• DATA BELOW:
Segment Open
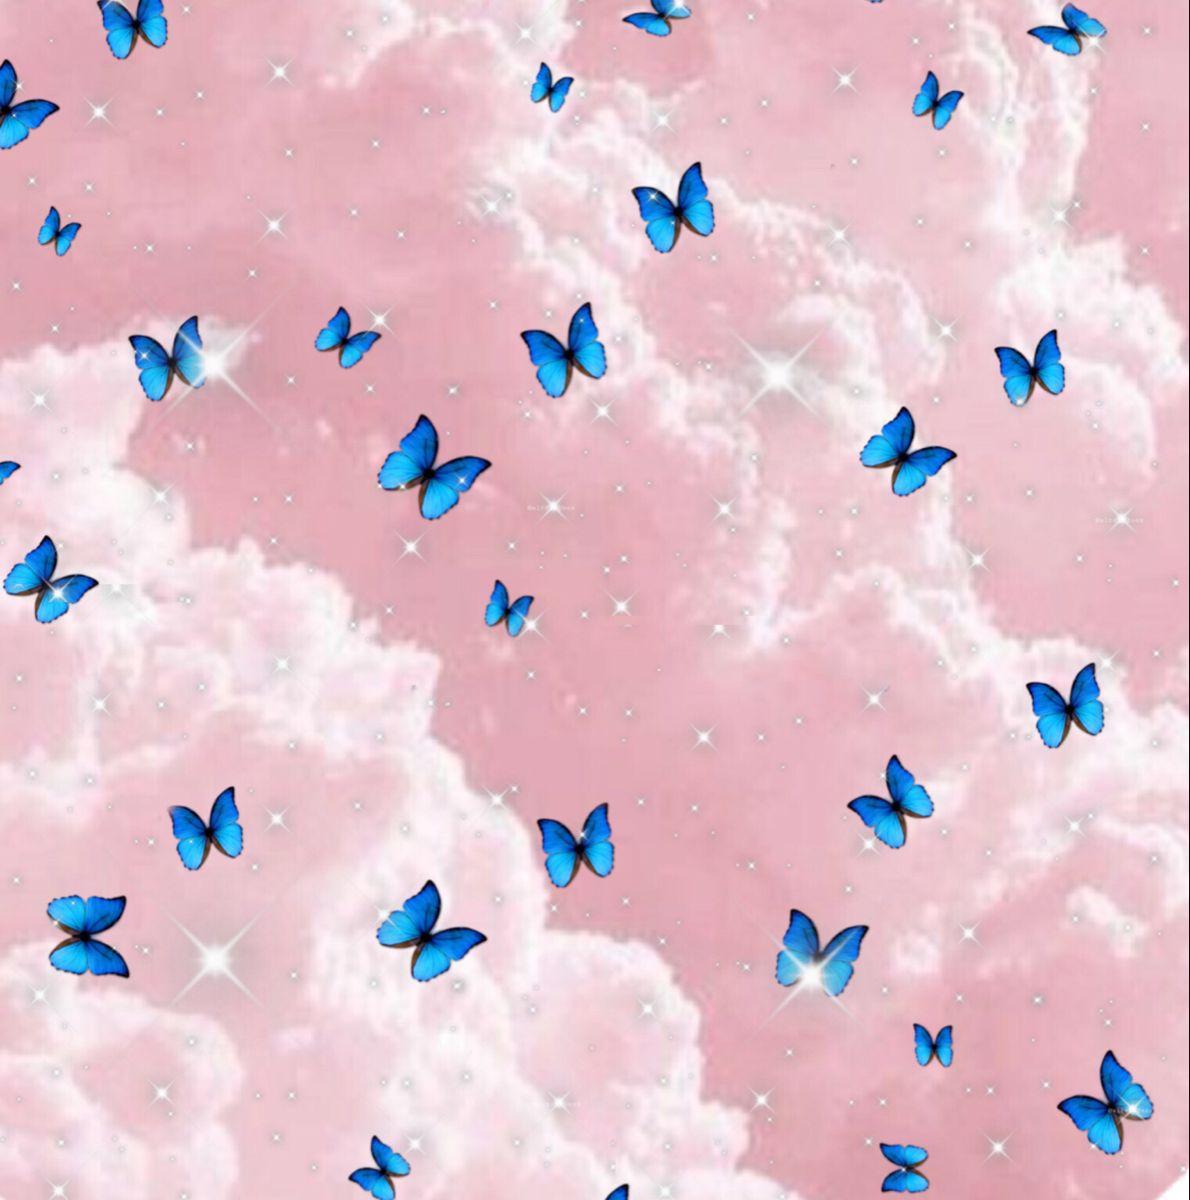 Aesthetic Butterfly Wallpaper Aesthetic Butterfly Wallpaper Butterfly Wallpaper Blue Butterfly Wallpaper
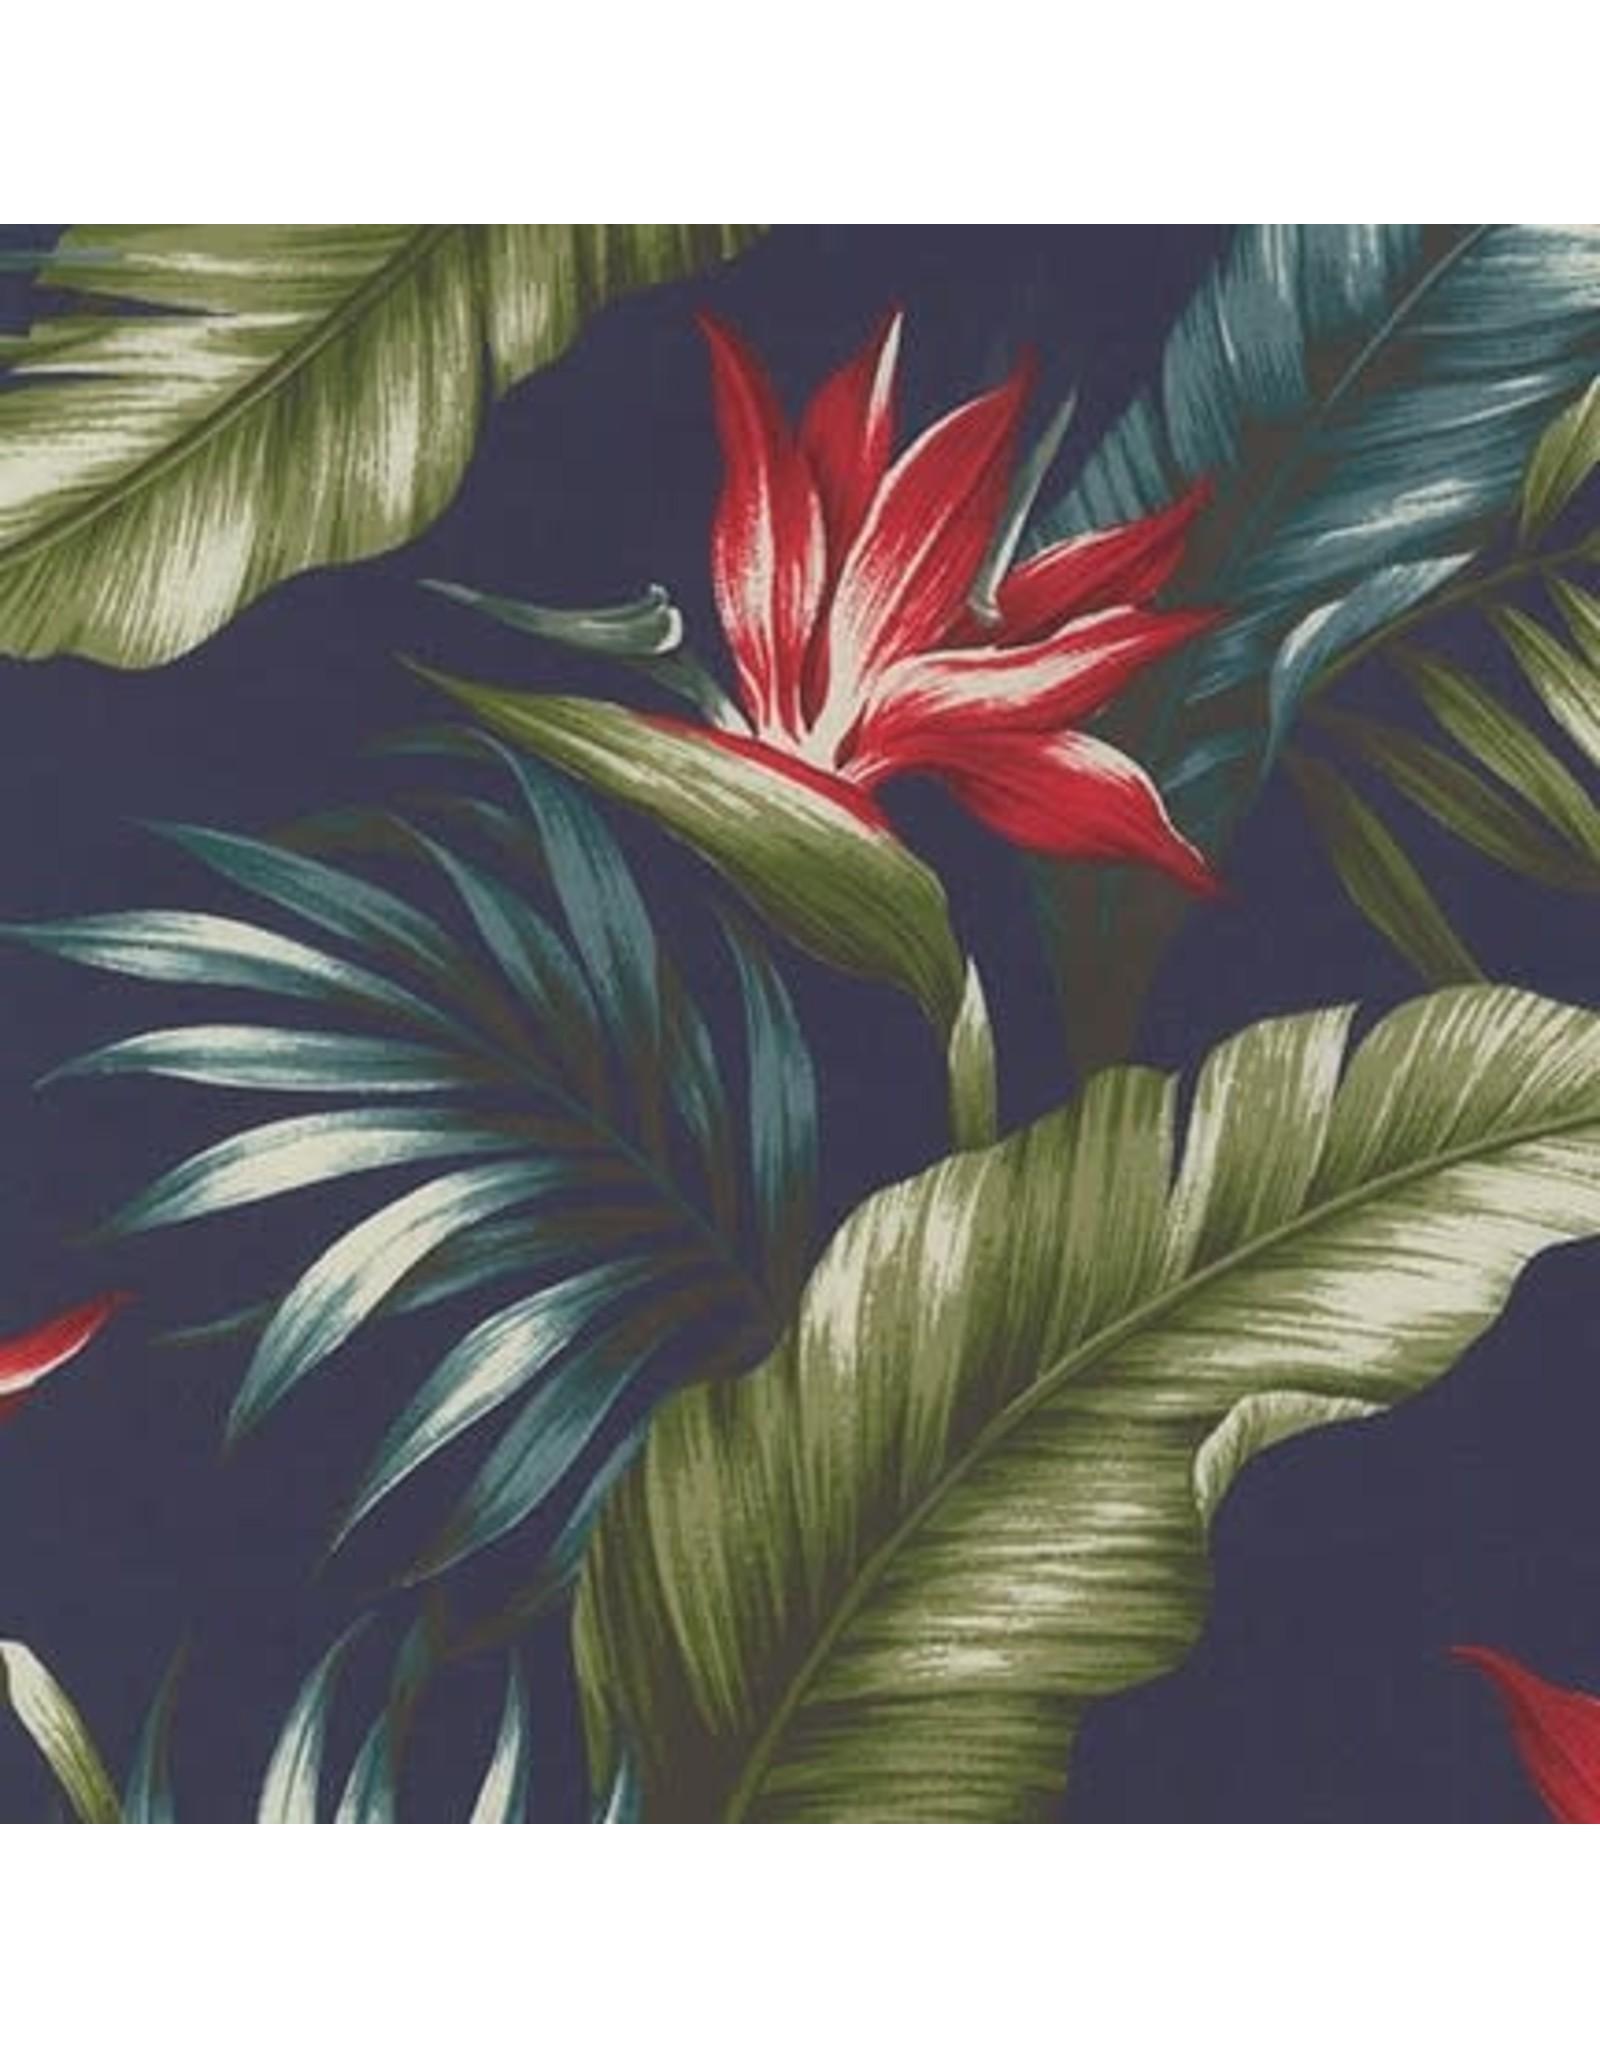 Sevenberry Rayon Lawn, Ecovero Aloha Prints, Bird of Paradise in Navy, Fabric Half-Yards
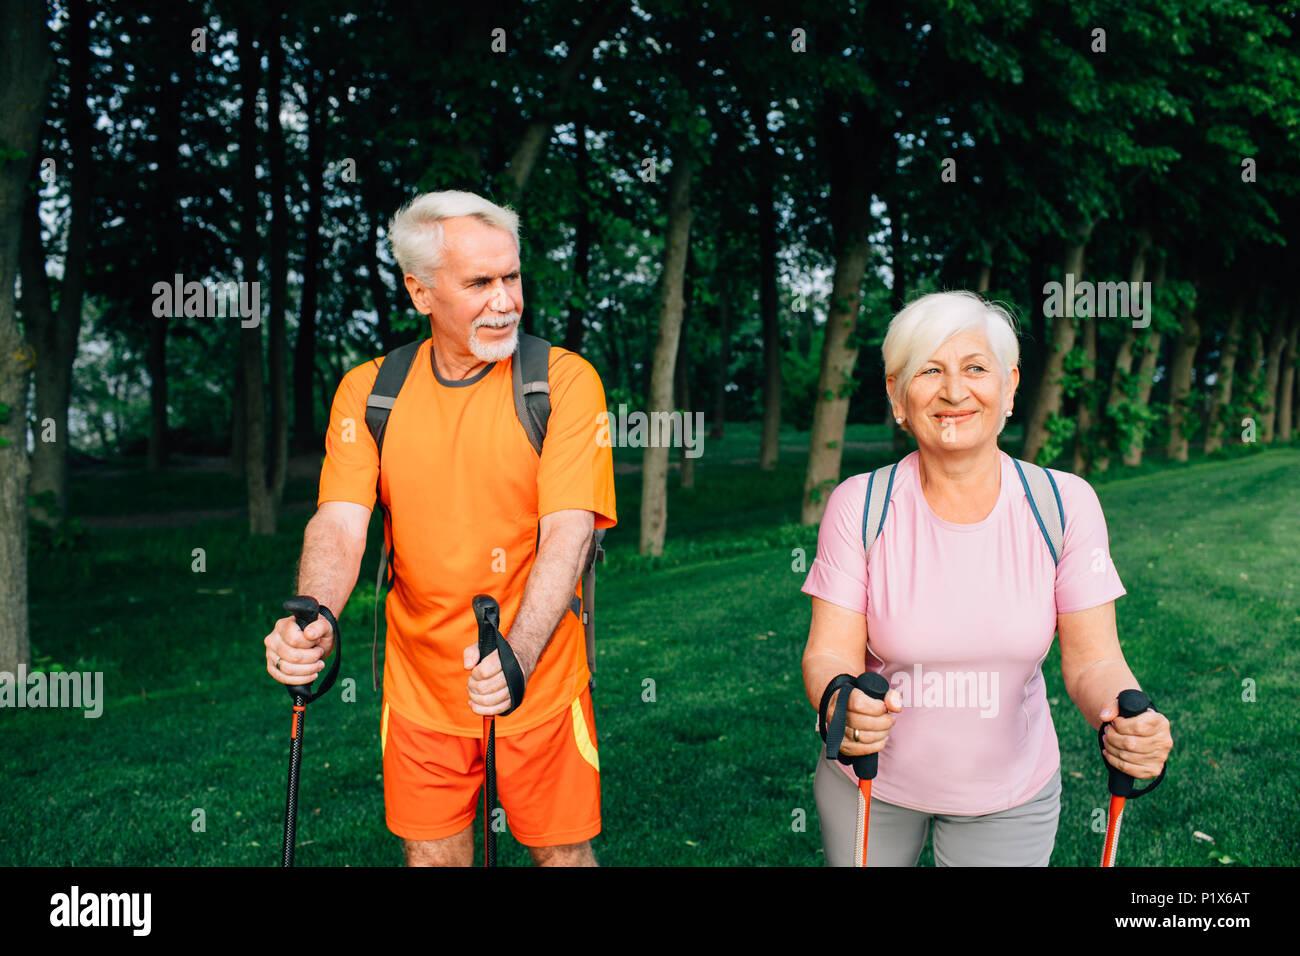 Senior couple hiking below trees, active lifestyles - Stock Image
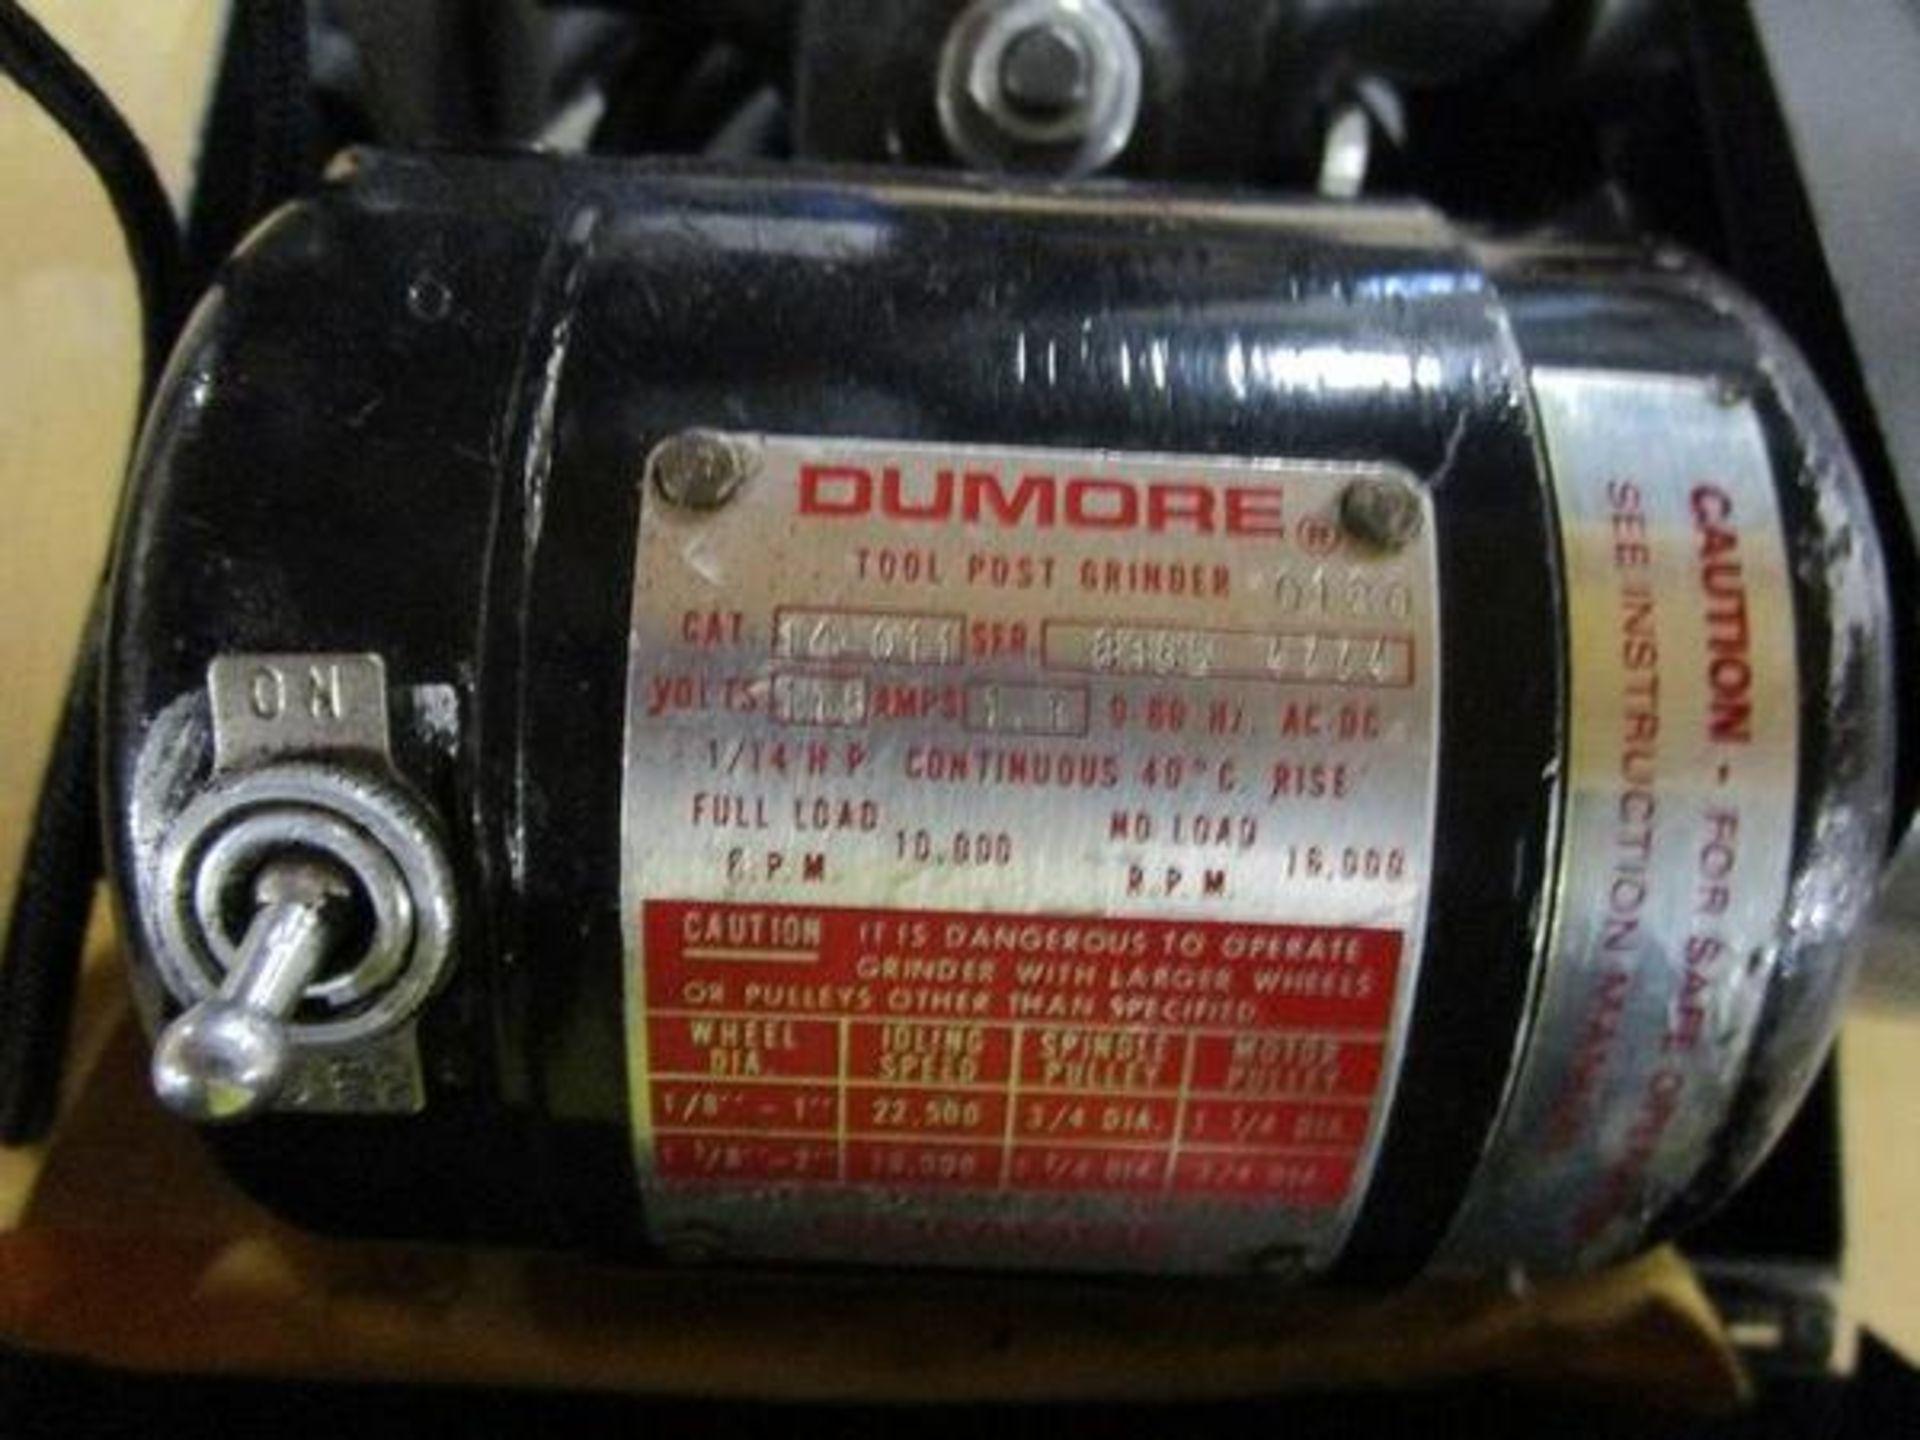 Dumore 0180 Tool Post Grinder Cat # 14-001 - Image 2 of 2
Segment Closed
• PROBLEM DESCRIPTION:
Without including any picture, write out the material above exactly.

• ANSWER AREA:
 Aesthetic Butterfly Wallpaper Aesthetic Butterfly Wallpaper Butterfly Wallpaper Blue Butterfly Wallpaper
 Sevenberry Rayon Lawn, Ecovero Aloha Prints, Bird of Paradise in Navy, Fabric Half-Yards
 Senior couple hiking below trees, active lifestyles - Stock Image
 Dumore 0180 Tool Post Grinder Cat # 14-001 - Image 2 of 2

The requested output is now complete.